Es stellte sich heraus, dass es am Upgrade auf Postfix 3.3.1-r1 lag. Sobald ich auf Postfix 3.2.4 zurückging, ging es wieder. Für Postfix 3.3.1 hat mir dieser Post weitergeholfen: nachdem ich in main.cf den Parameter "compatibility_level = 2" gesetzt hatte, funktionierte auch Postfix 3.3.1.Last edited by mike155 on Thu Jan 10, 2019 2:52 am; edited 1 time in total

----------

## mike155

Wie sind Dein Raspberry und der Mail-Server miteinander verbunden? Stehen sie direkt nebeneinander? Hängen sie im gleichen LAN? Oder geht die Verbindung übers Internet? Stehen vielleicht noch weitere Firewalls zwischen den beiden Rechnern?

Ich würde an dieser Stelle tcpdump auf dem Raspberry und dem Mail-Server starten und den cronjob laufen lassen. Dann würde ich mir die Mitschnitte mit Wireshark ansehen und Paket für Paket überprüfen, ob jedes gesendete Paket auch ankommt.
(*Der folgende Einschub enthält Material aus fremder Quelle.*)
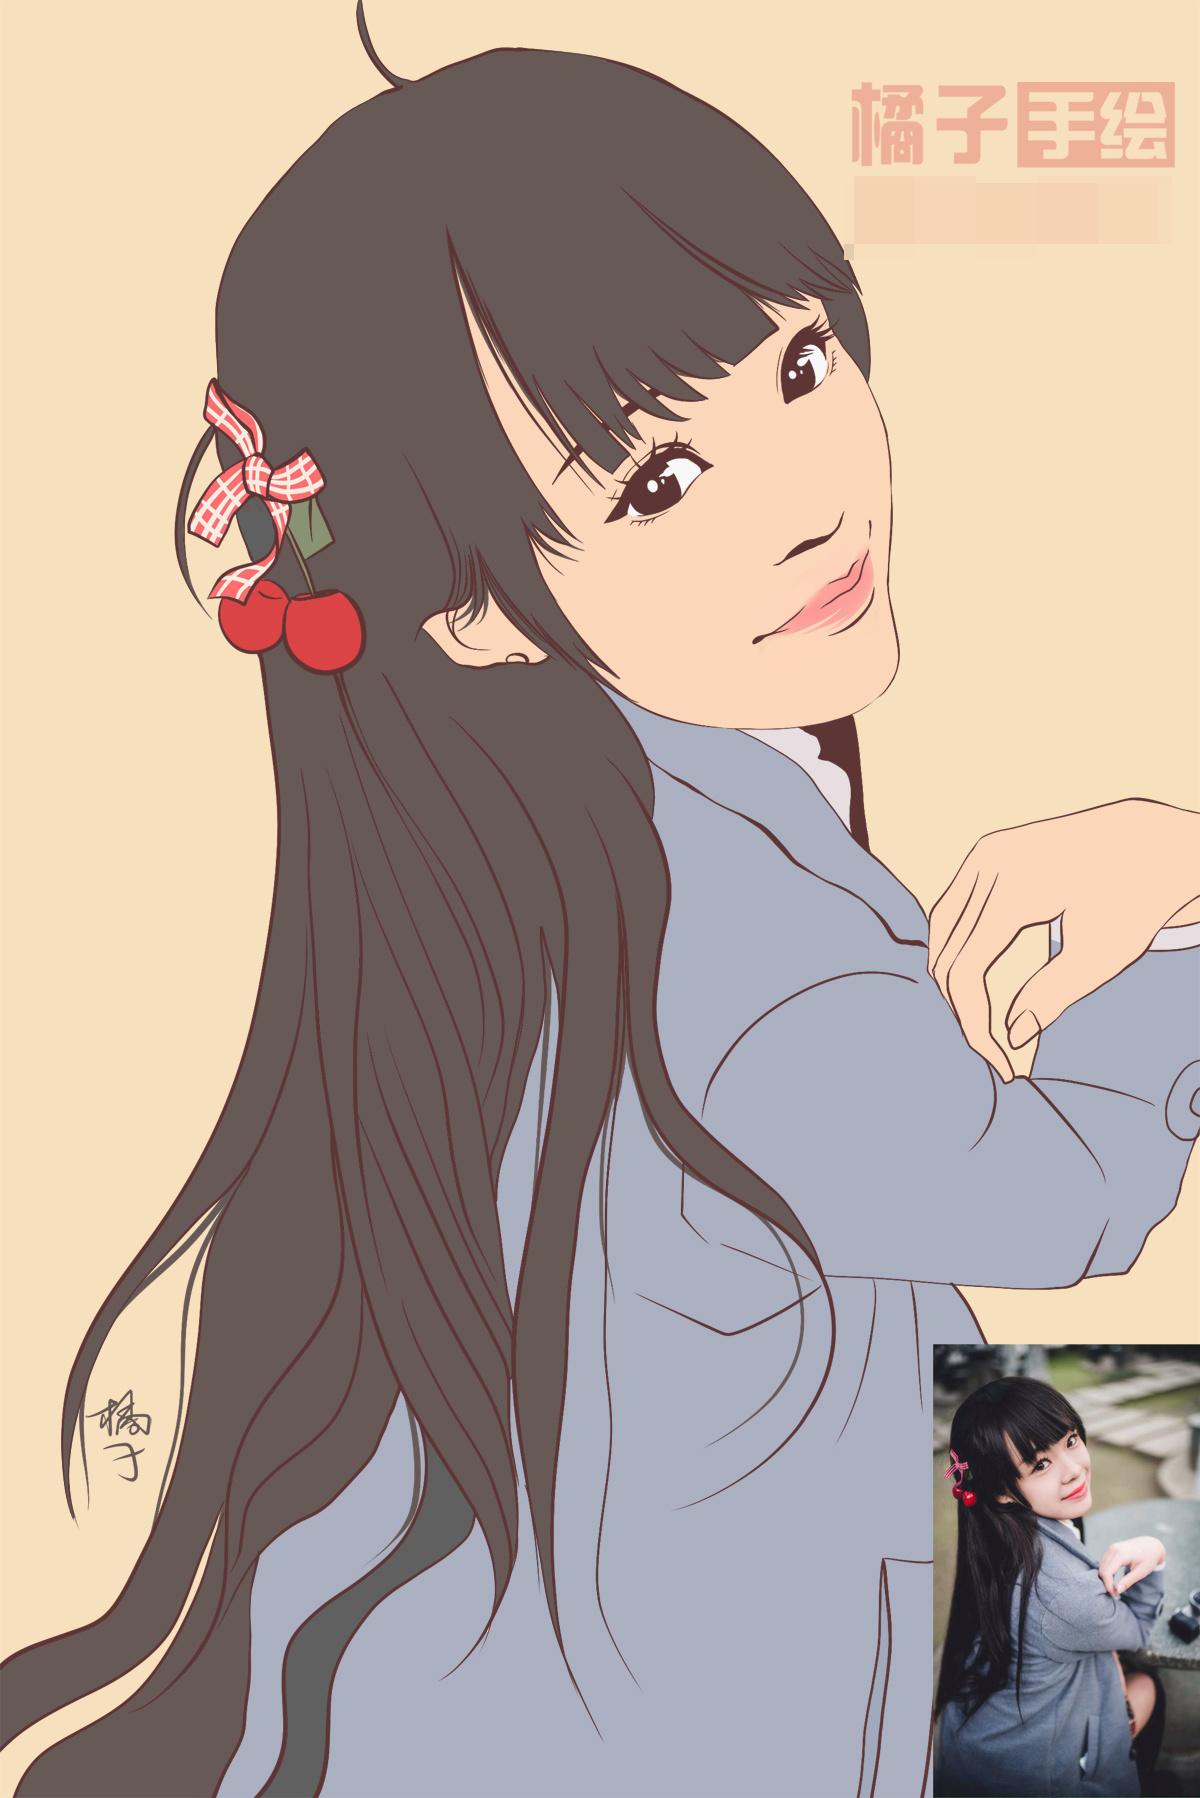 【原创作品】真人手绘单色插画
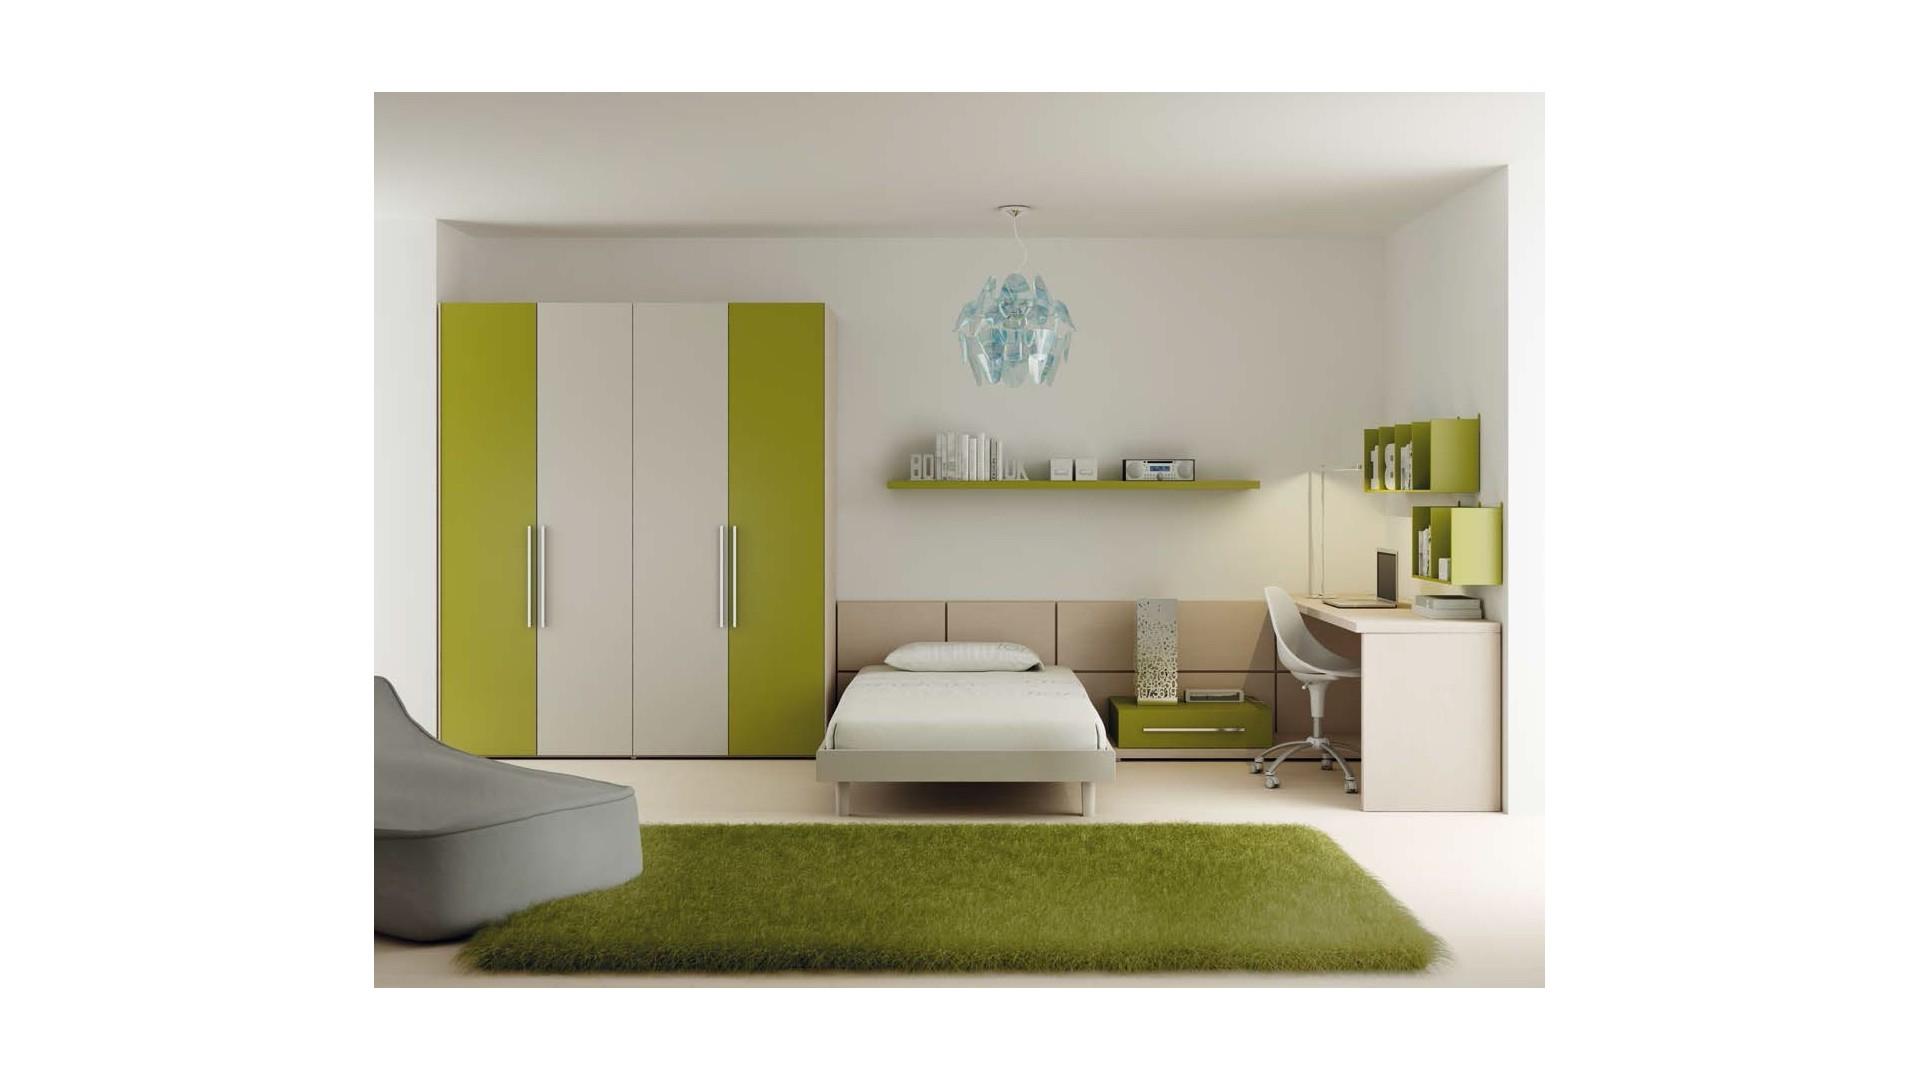 Chambre complète PERSONNALISABLE LH16 avec lit ado - MORETTI COMPACT

Neben fehlenden ICMP-Paketen könnte es sich auch um eine fehlerhafte MTU handeln (falls Du übers Internet gehst).

----------

## alexander_ro

Außer den oben genannten Meldungen sagt mein Postfix nichts zu dem Thema.

Der Postfix hängt am gleichen Switch wie der Raspberry und dem Postfix habe ich erlaubt alle Mails aus meinem Netz einfach anzunehmen.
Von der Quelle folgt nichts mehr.